Esas No: 2022/1459
Karar No: 2022/9389
Karar Tarihi: 16.05.2022
Yargıtay 2. Ceza Dairesi 2022/1459 Esas 2022/9389 Karar Sayılı İlamı
2. Ceza Dairesi 2022/1459 E. , 2022/9389 K."İçtihat Metni"
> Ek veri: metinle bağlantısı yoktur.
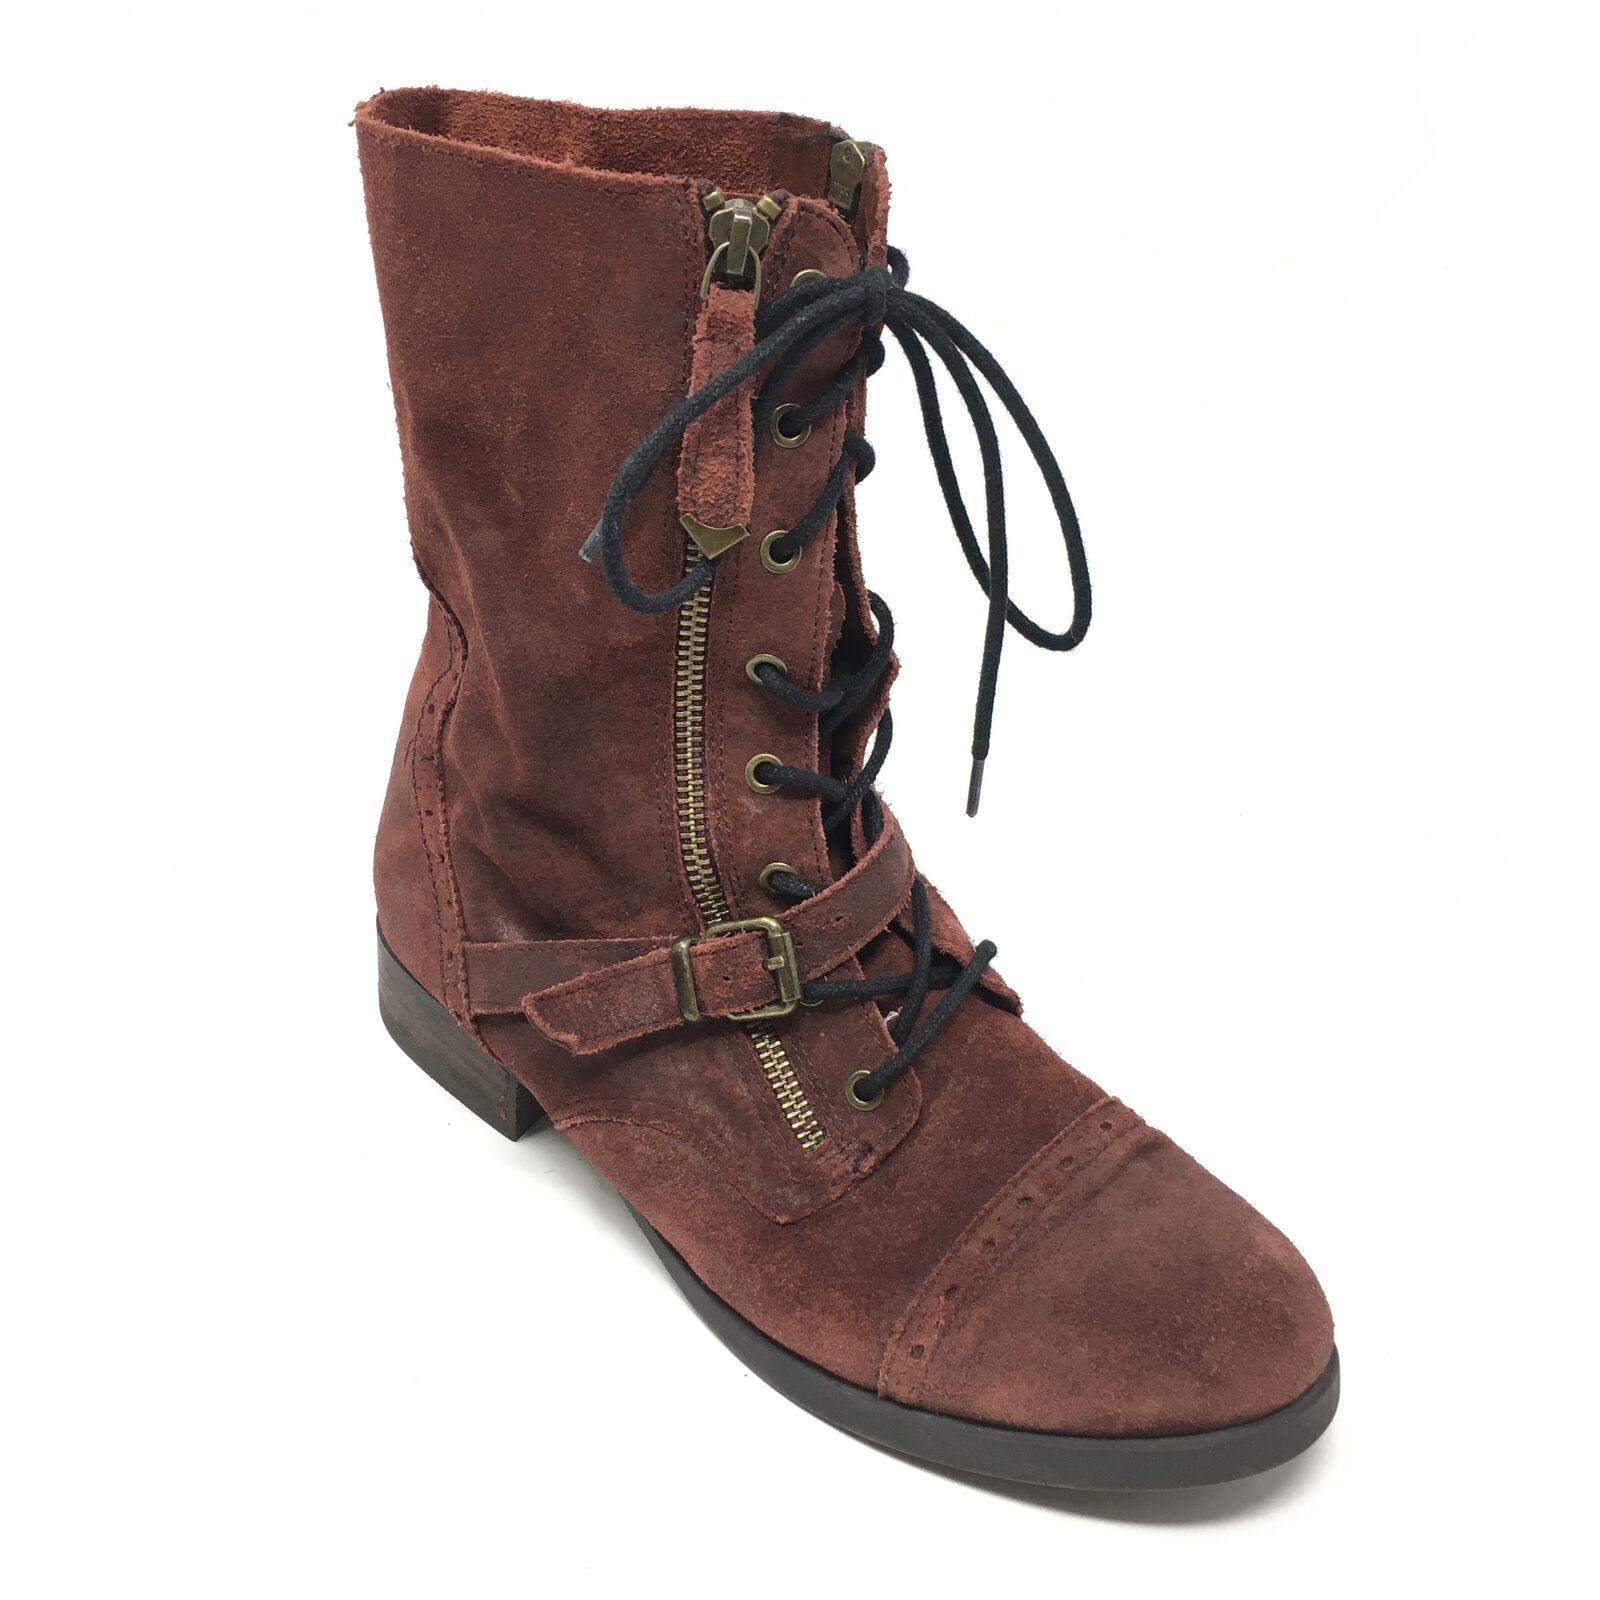 Women's Aldo Combat Boots shoes Size 39 EU 8.5M US Maroon Suede Ankle Casual Q10

Nitelikli hırsızlık suçundan sanık ...'ın, 5237 sayılı Türk Ceza Kanunu’nun 142/2-f maddesi uyarınca 5 yıl hapis cezası ile cezalandırılmasına dair Antalya 12. Asliye Ceza Mahkemesinin 29/09/2020 tarihli ve 2018/606 esas, 2020/250 sayılı kararının kesinleşmesini müteakip, hükümlünün yargılamanın yenilenmesi talebinin reddine ilişkin Antalya 12. Asliye Ceza Mahkemesinin 02/09/2021 tarihli ve 2018/606 esas, 2020/250 sayılı ek kararına karşı yapılan itirazın reddine dair mercii Antalya 3. Ağır Ceza Mahkemesinin 10/09/2021 tarihli ve 2021/834 değişik iş sayılı karar aleyhine Yüksek Adalet Bakanlığınca verilen 10/12/2021 gün ve 25386/2021 sayılı kanun yararına bozma talebine dayanılarak dava dosyası Yargıtay Cumhuriyet Başsavcılığının 14/01/2022 gün ve 2021/155961 sayılı tebliğnamesiyle dairemize gönderilmekle okundu.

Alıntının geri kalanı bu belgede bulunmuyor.